Ukip leaders are now backtracking over the party’s decision to ban non-stun religious slaughter and appear to be engaged in a partial reversal of their previous reversal of policy.

In the latest UKIP statement, Paul Nuttall, an MEP and the Ukip deputy leader, says that he was “surprised” when the party’s National Executive Committee agreed to the ban earlier this week.

But although he distances the party leadership from the policy change, he also argues that shechita would remain legal because of the high standards used: “(If) shechita does not cause any undue suffering for the animal then it would fall within the requirements that UKIP has in mind.”

The implication behind Mr Nuttall’s words is that while shechita would be legal, halal would fall foul of the new policy.

Writing exclusively in the JC, Mr Nuttall says that he, party leader Nigel Farage and agriculture spokesman Stuart Agnew, are all on record as supporting the right of Jews to continue practising shechita.

He added that he was willing to seek advice from the Board of Deputies, as well as Muslim organisations, in a consultation on religious slaughter.

Mr Nuttall’s full statement

As a Ukip Member of the European Parliament I have become used to being criticised by both right and left of British politics for my support of the Jewish community over the years - particularly over Shechita meat. I was therefore surprised that the UKIP National Executive Committee decision proposed a ban on such meat.
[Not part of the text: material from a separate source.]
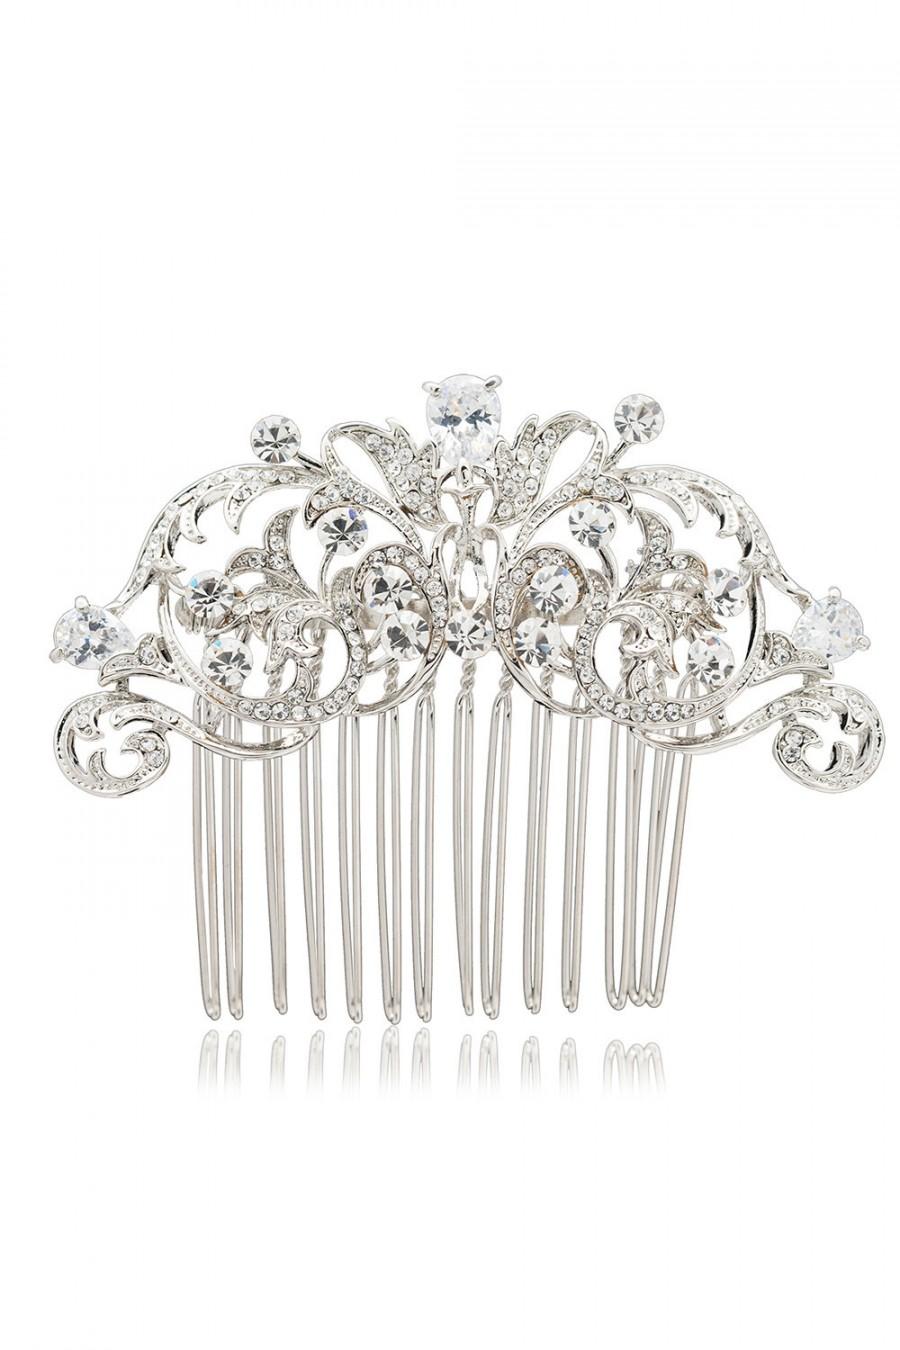 زفاف - Flower Hair Comb Wedding Hairpins for Bridal Head Jewelry Accessories with Rhinestone Crystals 2253R

Nigel Farage, Stuart Agnew (Ukip's Agriculture Spokesman and MEP for the Eastern Counties) and I are all on record saying that we support the right of the Jewish community to continue with the Shechita method of slaughter. Ukip has at its heart respect for religious belief and respect for animal welfare. We know that Jewish religious slaughter is done with the highest standards in mind.

In fact our record in the European Parliament on this very issue has in the past received praise for being both favourable and consistent. Nigel Farage and Stuart Agnew have also had a number of positive meetings with Shechita UK; Stuart particularly has worked closely with their Director, Shimon Cohen to further our understanding of what Shechita involves.

However, on Monday the Ukip National Executive Committee voted in favour of banning animal slaughter without pre-stunning. A majority of NEC members believed that this was the right thing to do in the interests of animal welfare.

Since releasing the policy we have been approached by leading figures within the Muslim and Jewish communities who have asked us to discuss this policy further with them.

The debate hinges around whether shechita is a method of slaughter that sufficiently stuns the animal to national animal welfare requirements. Shechita UK (JC, Shimon Cohen, 17/09/2010) said "We believe shechita does stun. It renders the animal insensible to pain within two seconds. The idea that we brutalise animals... is ridiculous and needs to be exposed as such".

Shechita is very prescriptive and therefore standards are highly consistent, including for example crucial detail such as the sharpness of the knife. I am not an expert. However if this is the case and shechita does not cause any undue suffering for the animal then it would fall within the requirements that UKIP has in mind.

As a party that fundamentally believes in tolerance and we are more than willing to open consultation with both animal welfare and veterinarian organisations as well as seek advice from bodies such as the Muslim Council of Britain and the Board of Deputies of British Jews.

As a party we want to continue to ensure that relationships between us, faith communities and the wider public are fully informed and strong.